Review By Jerry Dubins,Fanfare,April 2007
This is a follow-on to two previous Kerkezos releases, both reviewed in 28:5. This time, saxophonist Theodore Kerkezos lavishes his considerable talent exclusively on works by 20th-century Greek composers, in contrast to the mixed, eclectic programs offered previously. All but Theodorakis's Cretan Concertino-which was composed in 1952 as a sonatina for violin and piano-and Skalkottas's Concertino-composed in 1939 for oboe and piano-were written for alto or soprano sax. All items on the disc are, according to Naxos, world premiere recordings. The saxophone, to my ear, is an instrument that can be mellifluous, soothing, and highly expressive-when it is well played, that is; and no one I know of on the scene today plays it with more of a polished technique or produces such a honeyed sound as Theodore Kerkezos.
The choice of repertoire here needn't frighten anyone away. For the most part, these are pieces with a traditional pedigree wearing the outer trappings of a highly palatable modernist style. In fact, all of the music here is accessible and quite beautiful. The Cretan Concertina immediately reveals its composer's French training at the Paris Conservatory; its first movement has the character of a jazzy Latin dance that took a detour on its way to Piazzolla via Milhaud. The second movement is a touching lament, and the third movement starts off like The Flight of the Bumblebee. Less than four minutes in length, Theodorakis's Adagio is the kind of piece you will play over and over again. It is dirge of heartrending beauty with an underlying accompaniment that is close to an exact takeoff on Rachmaninoffs Isle of the Dead. Theodorakis, you will recall, composed the score to Zorba the Greek, so here is a composer who knows how to write music for maximum emotional effect. Skalkottas's Concertino is a perky, plucky thing. His studies with Schoenberg may have led him to write in a non-tonal idiom, but this piece is full of wit in its first and last movements, and dreamily Impressionistic in its second. Theodor Antoniou's Concerto piccolo, written as recently as 2000 and dedicated to Kerkezos, is no more modem sounding than is the Skalkottas. Minas Alexiadis's Phrygian Litany follows in a mood somewhat similar to Theodorakis's Adagio; while Vassilis Tenidis's highly colorful, cinematic Rhapsody of Pont os is a more animated, ethnocentric sounding piece, based as it is on the rhythms and altered scales of the folk dances of Pontos.
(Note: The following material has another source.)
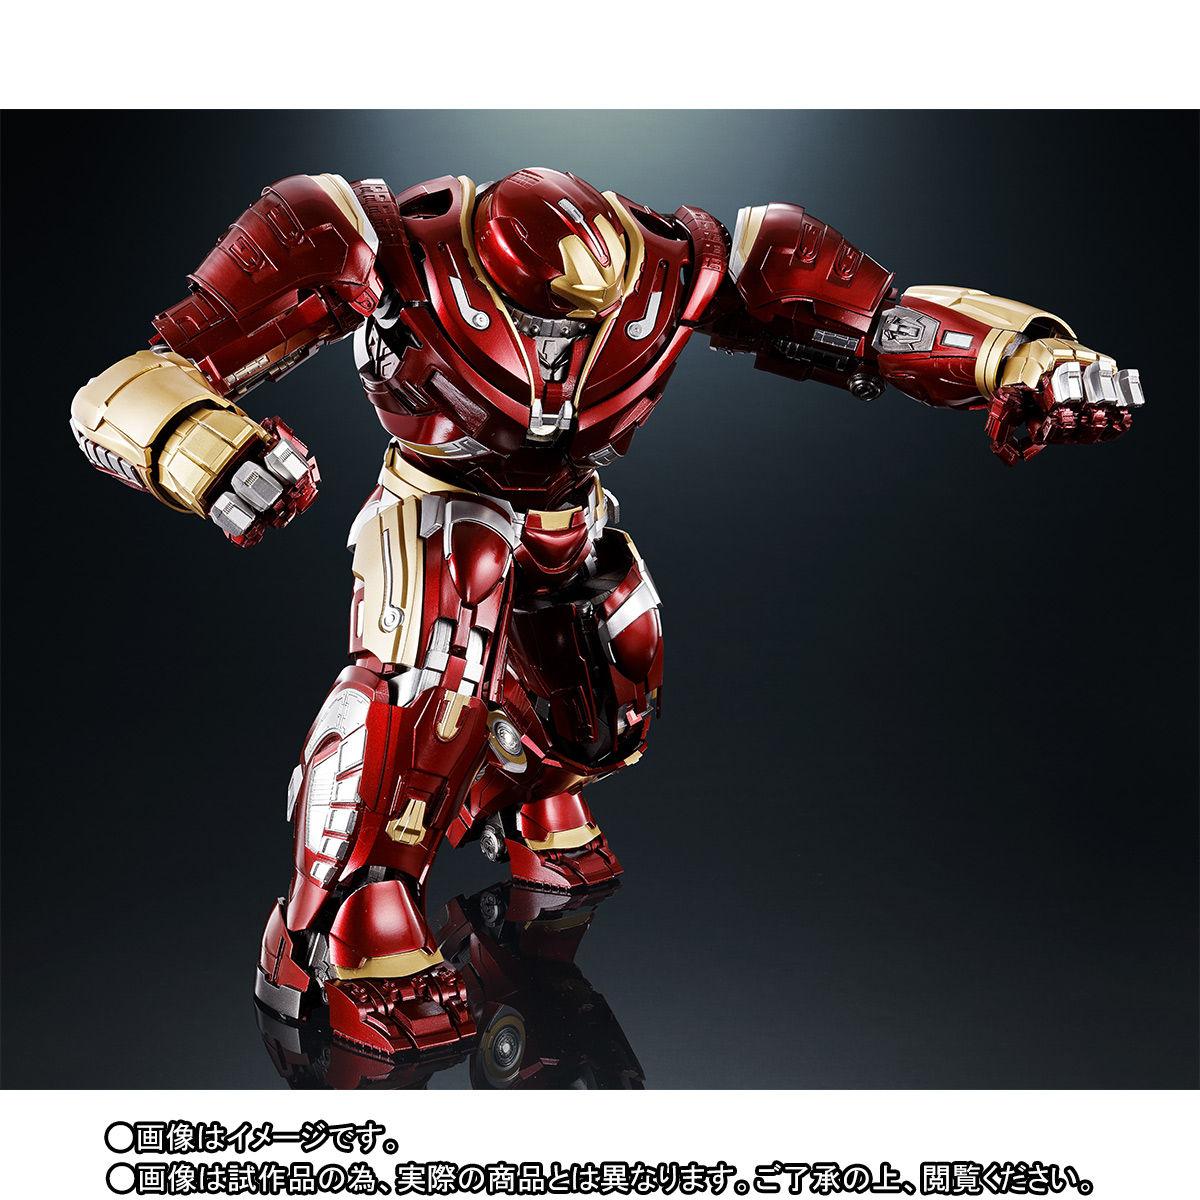 超合金×S.H.Figuarts『ハルクバスター マーク2 アベンジャーズ/インフィニティ・ウォー』可動フィギュア-003

In a typed note from Kerkezos that came to me separate from the CD, he asked that I pay special attention to Manos Hadjidakis's "Mr. Knoll," a piece that apparently resonates for him with some particular meaning. Another film composer, Hadjidakis won an Oscar for his song in Never on Sunday. Like Theodorakis, Hadjidakis knows how to pull the heartstrings, and "Mr. Knoll," the seventh movement of an extended song cycle titled Gioconda's Smile, is definitely a tearjerker with an unhappy ending.
This is a wonderful CD. I love this music, I love Kerkerzos's playing of it, and I cannot recommend it to you too highly.